Jack, we thank you for coming to visit for us a little while this afternoon.
With that, I’ll take the first question.
Q. Jason Day settled down, got married and started having kids at an earlier stage and he seems to be following your model of being able to balance family with some of his most successful golf. How close have you gotten to, or how much have you gotten to know Jason, and does it appear that this is a guy who, in starting family life very, very early, has done nothing but help his golf?
JACK NICKLAUS: Well, it would be pretty difficult to answer that because I don’t really know Jason that well. Jason does play his golf at Muirfield when he’s at home. His wife is from Columbus, and that’s where they live. I’m up there a couple weeks a year and I certainly don’t see him very much, but usually when I’m there I see him.
He’s a nice young man. The members love him at Muirfield. I think that’s kind of the indication of the people he sees up there and that he runs into, they all like him and they all like to be around him. I don’t think that answers your question.
You know, I just happened to start my family early. Barbara and I, we decided when we were about 20 years old that we’d like to get married and have kids, and we didn’t want to wait to have kids. We wanted to grow up with our kids, so that’s what we did. And so we got married and we waited 14 months before our first one. Sometimes the first one usually comes any time. The second one takes nine. [laughter] But anyway, my first one did 14, but that’s okay.

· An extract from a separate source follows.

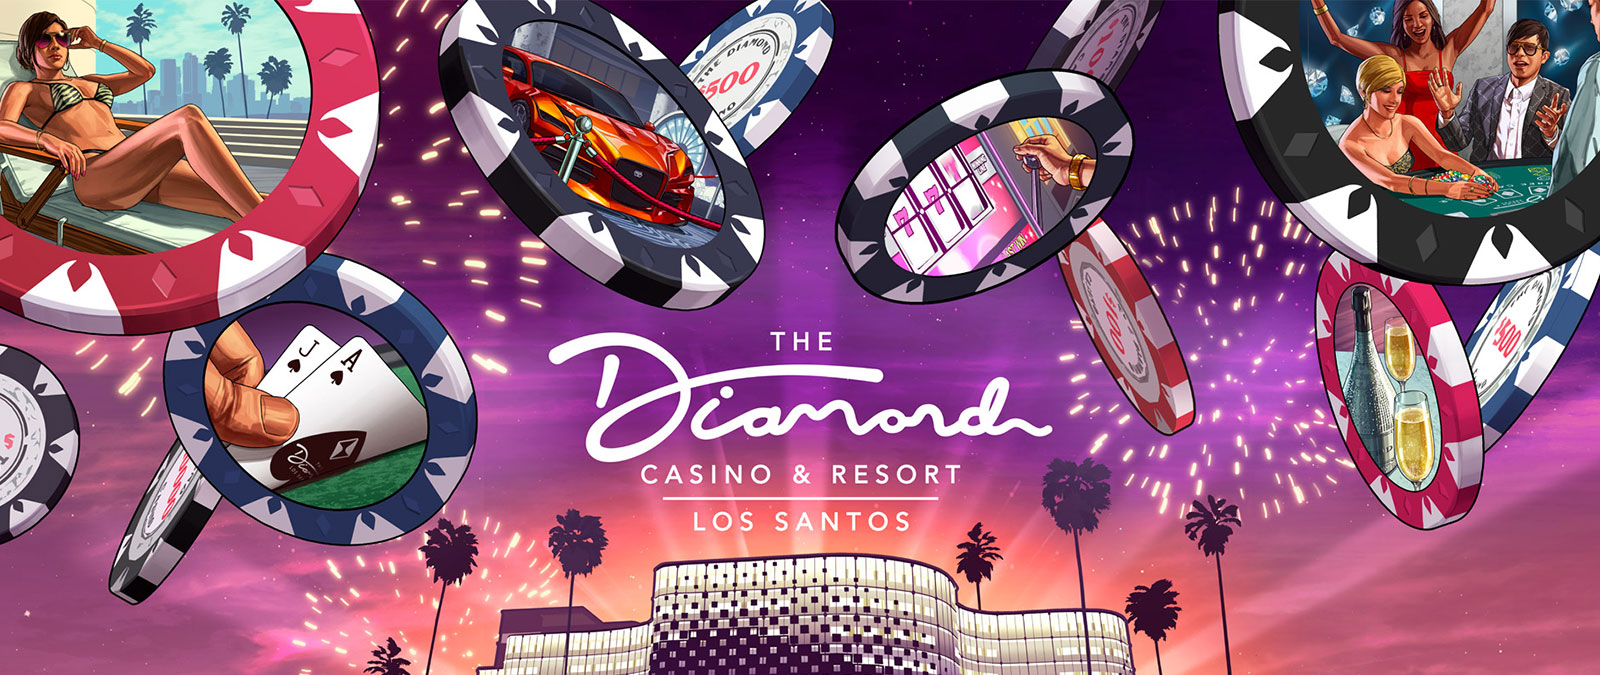 The Diamond Casino & Resort, Los Santos logo, front view of a building with palm trees, fireworks, and casino chips falling with various images on them

Anyway, we decided that that’s what we wanted to do and we did it.
Now today, I don’t think many people do that. Jason seems to have taken that path. He hasn’t played for a couple, three weeks, ever since his mother had a pretty significant scare, I guess. As I heard, I think it’s turned out all right; is that correct?
But talent, he’s got a wealth of talent. He’s got a great golf swing. He’s got probably, in my opinion, the best plane in the game. That’s not saying it’s the best swing; it’s the best plane, I think, being that it does pretty much what I think a golf swing should do.
But he restricts his hip turn a little bit, which I worry about because I think that really puts a lot of torque on your back, but that’s what he does. But he’s a very, very talented guy.
Q. What’s the biggest factor about this golf course, keeping players off balance and never really feeling quite comfortable? Did you ever find yourself in your years here, trying to be too perfect on this golf course?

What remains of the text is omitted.